Problem requirements →
From the records below, transcribe only the lines running from the one with "Wicklow price changes hikersbay.com" through the one with "Tiny framed artwork of a tui". Keep both of those end lines.
══════════
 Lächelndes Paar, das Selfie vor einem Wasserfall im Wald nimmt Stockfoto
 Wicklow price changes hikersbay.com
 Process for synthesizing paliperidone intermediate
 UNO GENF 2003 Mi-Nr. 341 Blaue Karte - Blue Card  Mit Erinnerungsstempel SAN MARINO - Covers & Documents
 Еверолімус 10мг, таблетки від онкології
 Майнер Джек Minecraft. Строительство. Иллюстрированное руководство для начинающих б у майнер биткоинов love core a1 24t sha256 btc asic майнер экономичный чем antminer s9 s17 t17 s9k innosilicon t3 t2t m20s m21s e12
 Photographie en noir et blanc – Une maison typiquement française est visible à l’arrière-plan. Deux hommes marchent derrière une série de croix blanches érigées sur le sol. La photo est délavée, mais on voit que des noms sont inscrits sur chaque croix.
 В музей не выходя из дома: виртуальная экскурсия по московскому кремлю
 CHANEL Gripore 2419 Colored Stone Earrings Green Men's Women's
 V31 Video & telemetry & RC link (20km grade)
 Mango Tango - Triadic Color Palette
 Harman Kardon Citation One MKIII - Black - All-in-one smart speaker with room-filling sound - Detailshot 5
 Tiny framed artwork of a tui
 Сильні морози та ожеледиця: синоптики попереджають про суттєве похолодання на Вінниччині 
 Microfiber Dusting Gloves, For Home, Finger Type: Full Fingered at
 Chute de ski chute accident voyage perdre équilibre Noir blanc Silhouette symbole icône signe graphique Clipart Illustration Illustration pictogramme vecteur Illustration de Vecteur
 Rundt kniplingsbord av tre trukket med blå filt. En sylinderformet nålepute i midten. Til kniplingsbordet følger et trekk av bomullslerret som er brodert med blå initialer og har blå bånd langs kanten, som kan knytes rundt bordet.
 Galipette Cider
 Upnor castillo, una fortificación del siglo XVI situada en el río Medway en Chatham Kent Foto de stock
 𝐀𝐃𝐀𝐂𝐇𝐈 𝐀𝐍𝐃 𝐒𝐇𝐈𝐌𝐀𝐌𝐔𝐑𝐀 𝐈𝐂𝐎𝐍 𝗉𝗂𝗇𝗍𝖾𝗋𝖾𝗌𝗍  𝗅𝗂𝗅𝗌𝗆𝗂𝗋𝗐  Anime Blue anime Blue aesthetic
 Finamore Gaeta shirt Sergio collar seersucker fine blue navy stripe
══════════
Output →
 Wicklow price changes hikersbay.com
 Process for synthesizing paliperidone intermediate
 UNO GENF 2003 Mi-Nr. 341 Blaue Karte - Blue Card  Mit Erinnerungsstempel SAN MARINO - Covers & Documents
 Еверолімус 10мг, таблетки від онкології
 Майнер Джек Minecraft. Строительство. Иллюстрированное руководство для начинающих б у майнер биткоинов love core a1 24t sha256 btc asic майнер экономичный чем antminer s9 s17 t17 s9k innosilicon t3 t2t m20s m21s e12
 Photographie en noir et blanc – Une maison typiquement française est visible à l’arrière-plan. Deux hommes marchent derrière une série de croix blanches érigées sur le sol. La photo est délavée, mais on voit que des noms sont inscrits sur chaque croix.
 В музей не выходя из дома: виртуальная экскурсия по московскому кремлю
 CHANEL Gripore 2419 Colored Stone Earrings Green Men's Women's
 V31 Video & telemetry & RC link (20km grade)
 Mango Tango - Triadic Color Palette
 Harman Kardon Citation One MKIII - Black - All-in-one smart speaker with room-filling sound - Detailshot 5
 Tiny framed artwork of a tui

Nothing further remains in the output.